Cardiovascular diseases (CVD), including coronary heart disease (CHD), heart attacks, stroke, heart failure (HF), and peripheral artery disease, still represent the leading cause of death globally, taking an estimated 17.9 million lives each year. However, mortality from CVD has significantly decreased in recent decades, particularly thanks to advances in cardiovascular basic and translational research and clinical progress; this has led to the development of drugs targeting selective pathways and other effective cardioprotective strategies, resulting in improved clinical outcomes [1]. Therefore, it is necessary to consider, in the future, cardiovascular research as an essential service to further advance the prevention and treatment of CVD. In particular, improving our understanding of the cellular and molecular mechanisms and genetic factors behind the pathophysiological processes driving CVD is fundamental in identifying novel molecular determinants and cardioprotective strategies that are able, for example, to limit the infarct size following an acute myocardial infarction (AMI), improve left ventricular (LV) function and reduce adverse LV remodeling, and reduce or prevent the cardiovascular side effects of cancer therapy. In this scenario, promising progress has been achieved and published recently in the Journal of Clinical Medicine.
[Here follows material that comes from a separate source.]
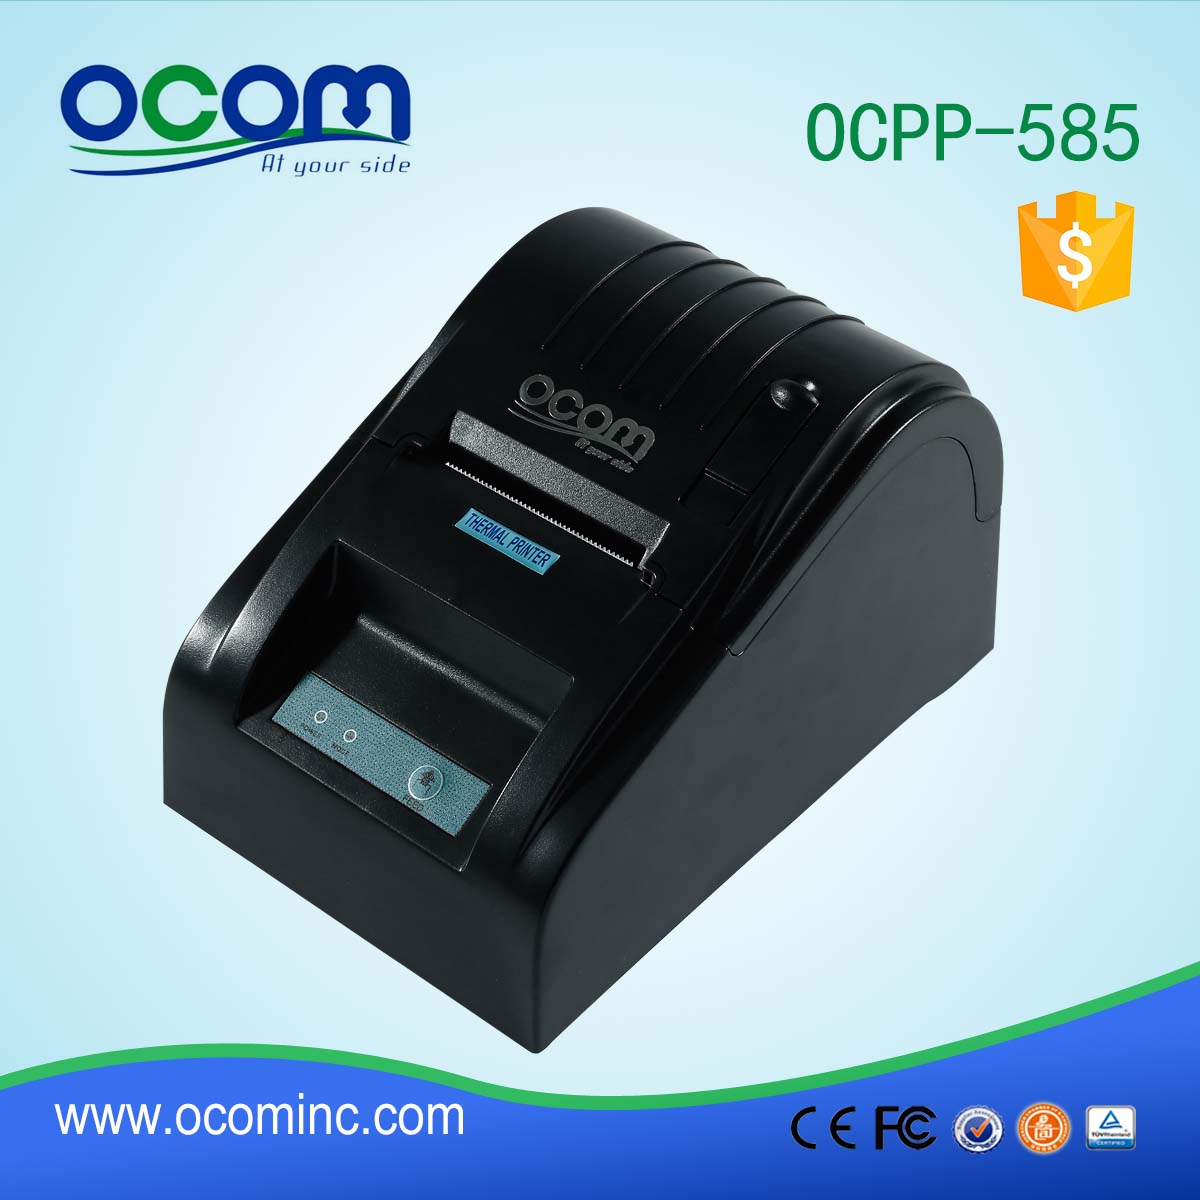 OCPP-586-P Πλάτος χαρτιού χαρτιού 58 mm Εκτύπωση POS Θερμικός εκτυπωτής για μετρητά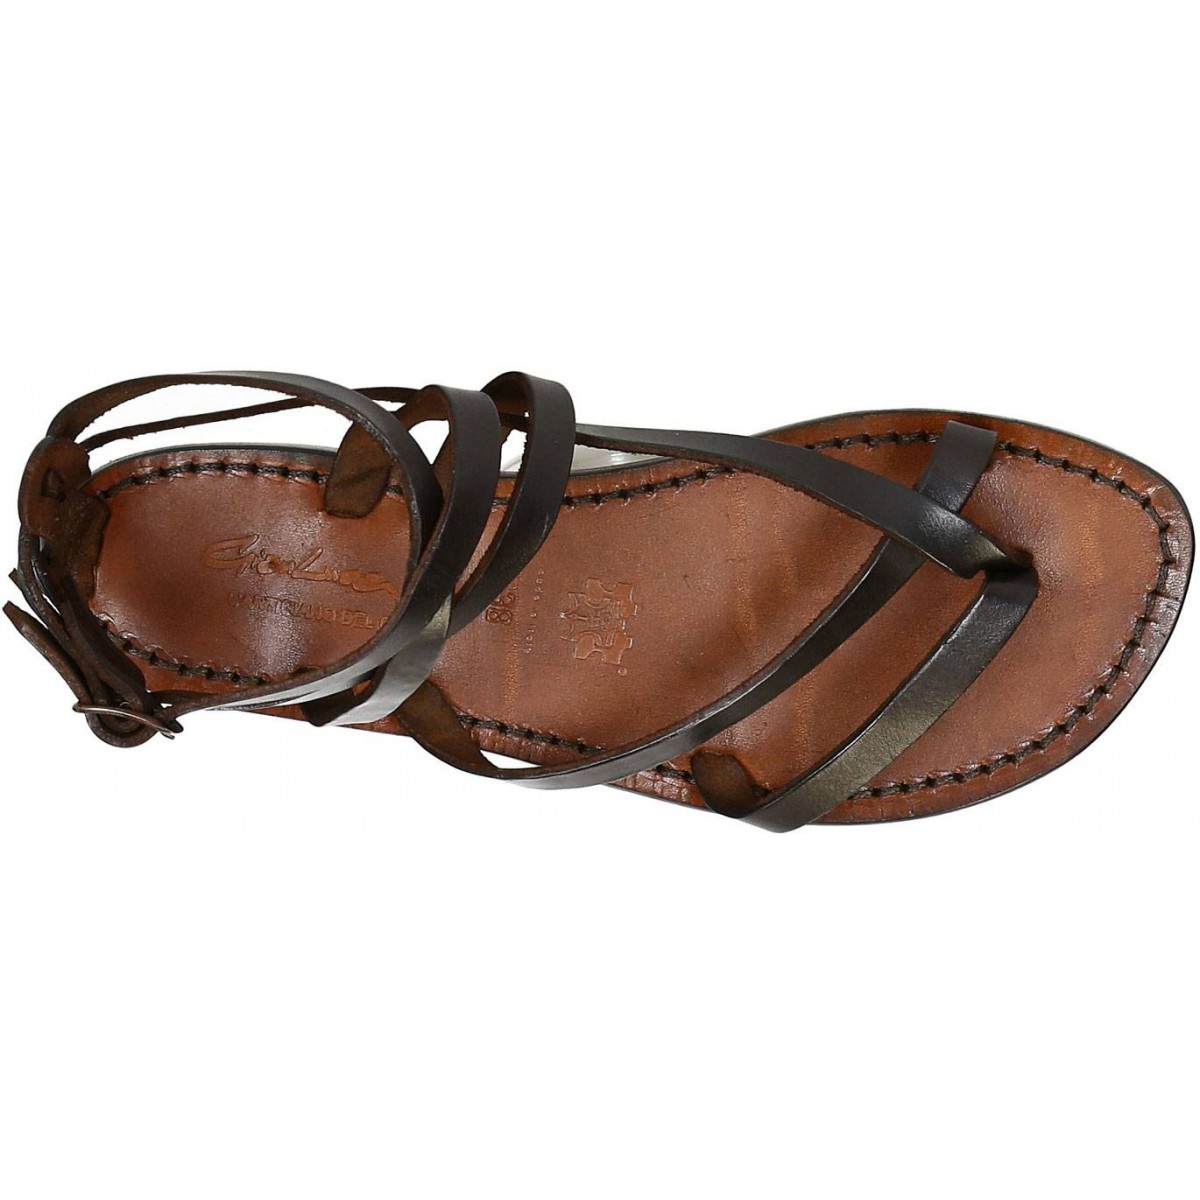 Handmade womens flat sandals in dark brown leather | The leather craftsmen

CHD is the most common type of heart disease, the consequences of which are usually attributed to the detrimental effects induced by acute myocardial ischemia/reperfusion injury (MI/R), thereby increasing the risk of arrhythmias and HF. A novel reperfusion strategy for primary percutaneous coronary intervention (PCI), named “volume-controlled reperfusion (VCR)”, in patients with acute ST-segment elevation myocardial infarction (STEMI), was proposed in a pilot study involving 30 patients by He et al. (2023) [2]. VCR is based on an accurate intermittent slow distal reperfusion using a manual intra-aspiration catheter after suspending the antegrade flow using a prophylactic inflated balloon. According to the authors, the aim of VCR is to overcome the difficulties that may be associated with the classical post-conditioning maneuver, which is based on applying a sequence of MI/R episodes, which are induced by repeated cycles of balloon-catheter inflation and deflation immediately after reopening the occluded vessel. Despite the fact that this procedure has been shown to induce cardioprotection in several pre-clinical studies and clinical proof of concept trials, there have been disappointing results in large randomized controlled trials (such as POST, DANAMI 3 i-POST), in part due to the multiple pathways that reperfusion can contribute to cell death and to the possible additional damage to the coronary endothelium and myocardium, with the increased risk of thrombus dislodgment, following the repeated inflation and deflation of the balloon during post-conditioning. Although VCR needs to be further studied, this approach possesses promising therapeutic potential in the context of STEMI patient-specific treatment. In this regard, an insightful review [3] recently discussed the pathophysiological complexity of MI/R and microcirculation injuries leading to myocardial dysfunctions, providing possible explanations behind the conflicting results related to pharmacological and mechanical cardioprotective interventions between pre-clinical MI/R reports and studies in patients with STEMI. The authors also proposed a “multitarget therapeutic approach” to prevent post-STEMI LV remodeling based on emerging data, indicating that combining additive or synergistic multitarget therapies could be a more effective strategy in affording optimal cardioprotection [4].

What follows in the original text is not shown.